-- Work order --
Repeat the records below exactly from the line containing "Kwiaty przez cały rok - Sal u Kasi" to the line containing "работа в европе с румынским паспортом", taking in both of those lines. Drop the pictures.
[Source data — start]
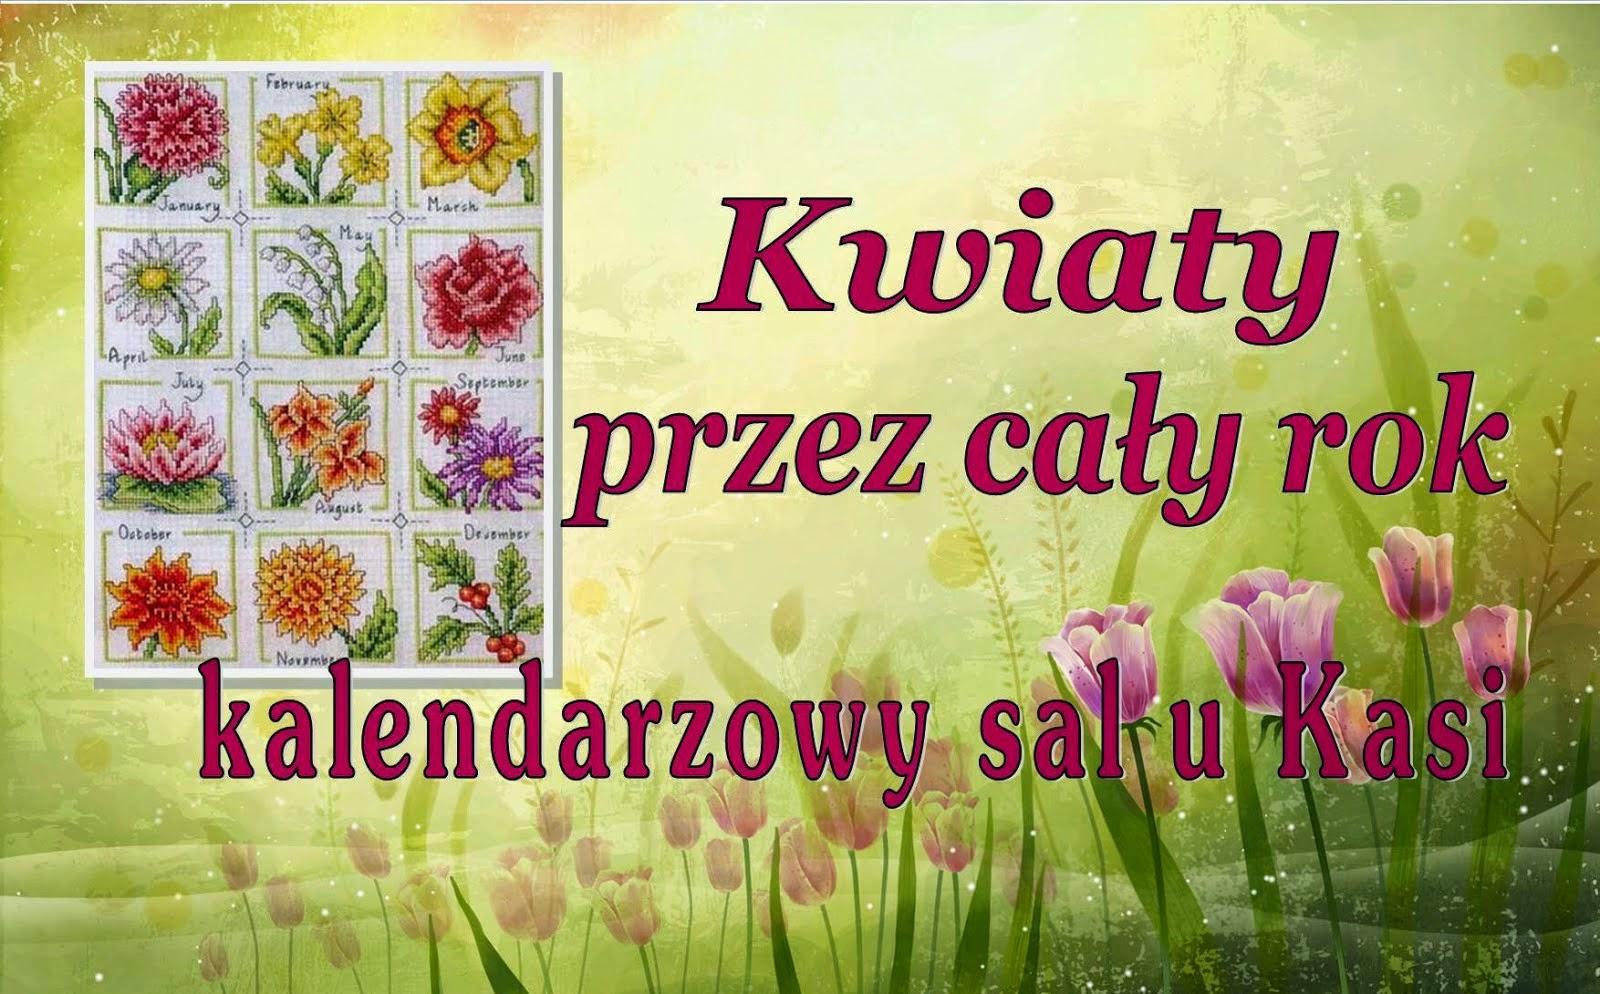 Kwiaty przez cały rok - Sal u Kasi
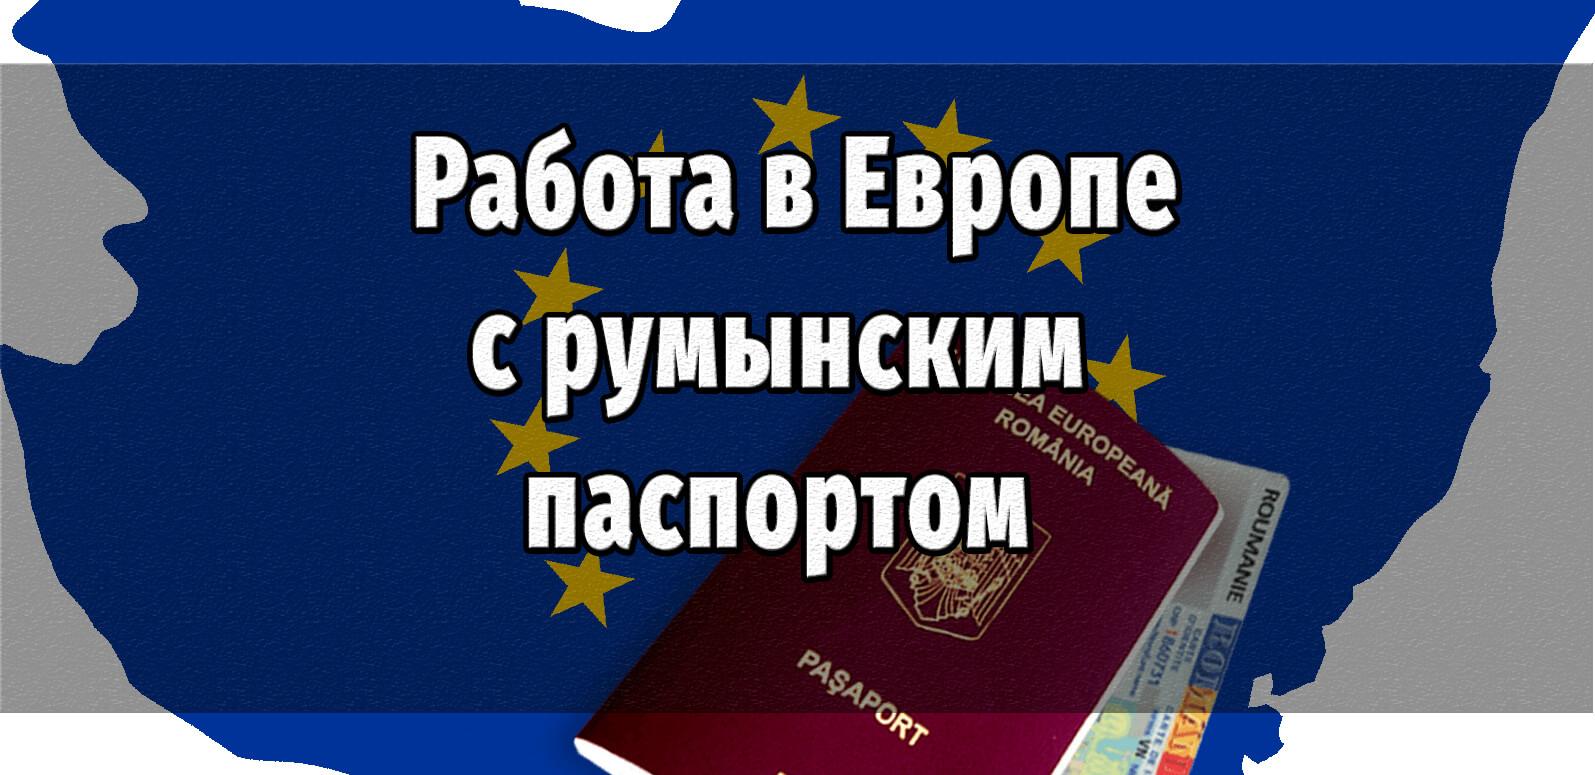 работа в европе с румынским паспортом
[Source data — finish]
[Source data — start]
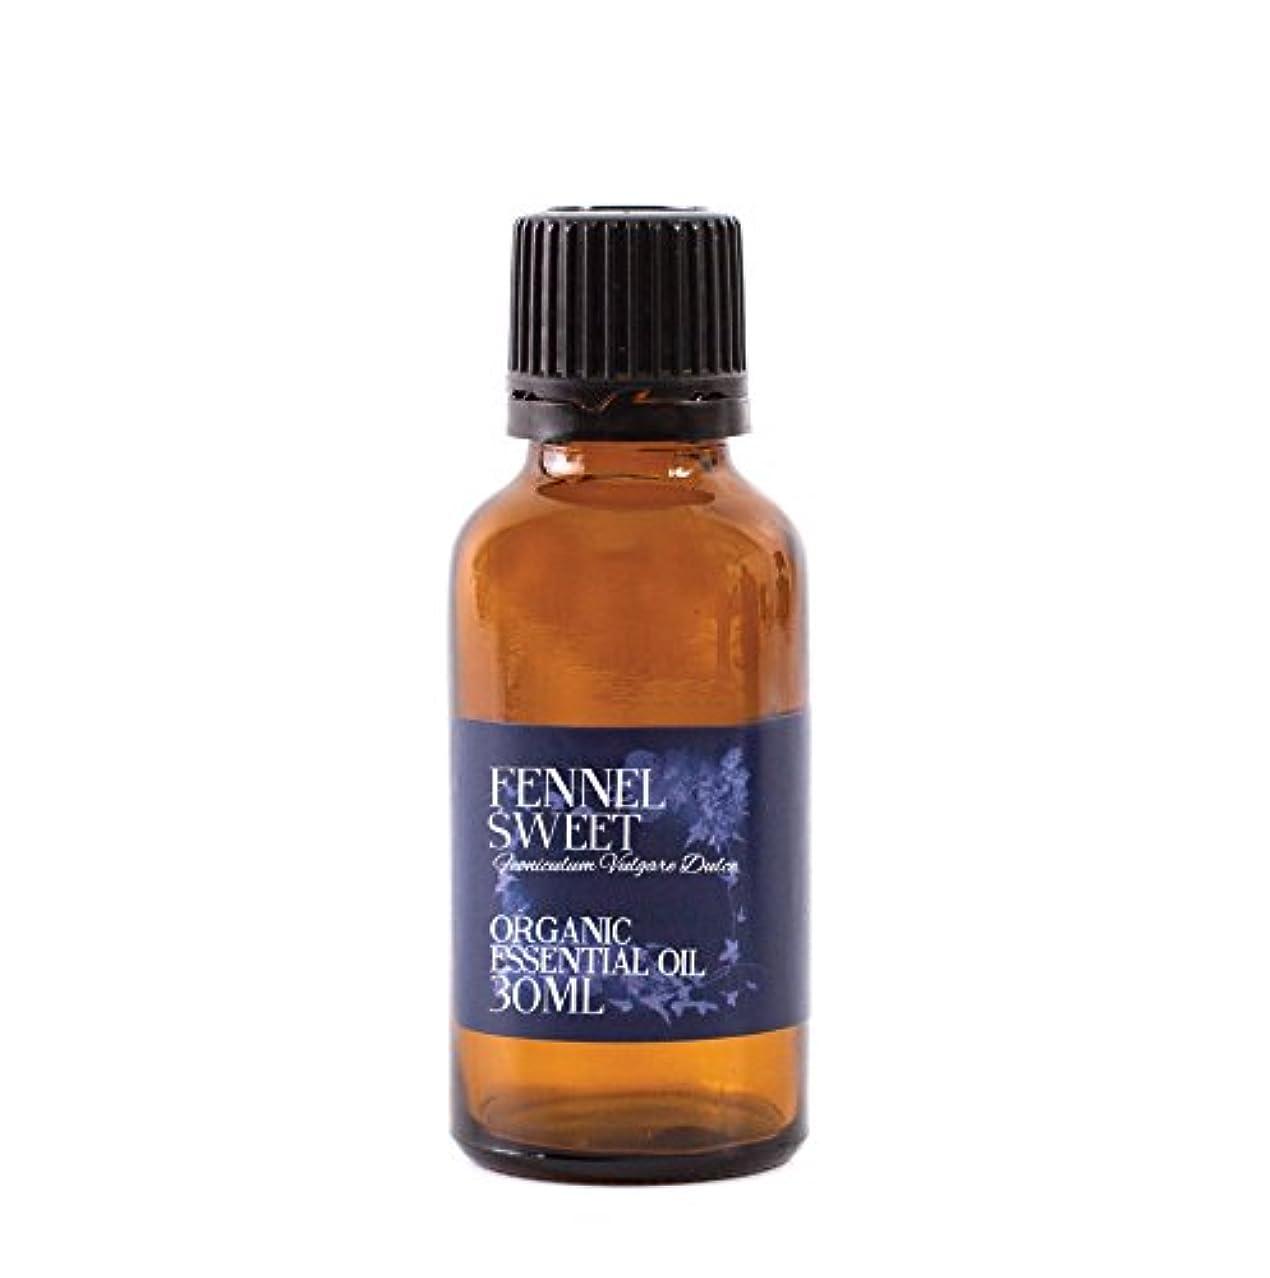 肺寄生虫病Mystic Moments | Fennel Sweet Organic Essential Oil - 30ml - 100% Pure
[Source data — finish]
-- Written response --
 Kwiaty przez cały rok - Sal u Kasi
 работа в европе с румынским паспортом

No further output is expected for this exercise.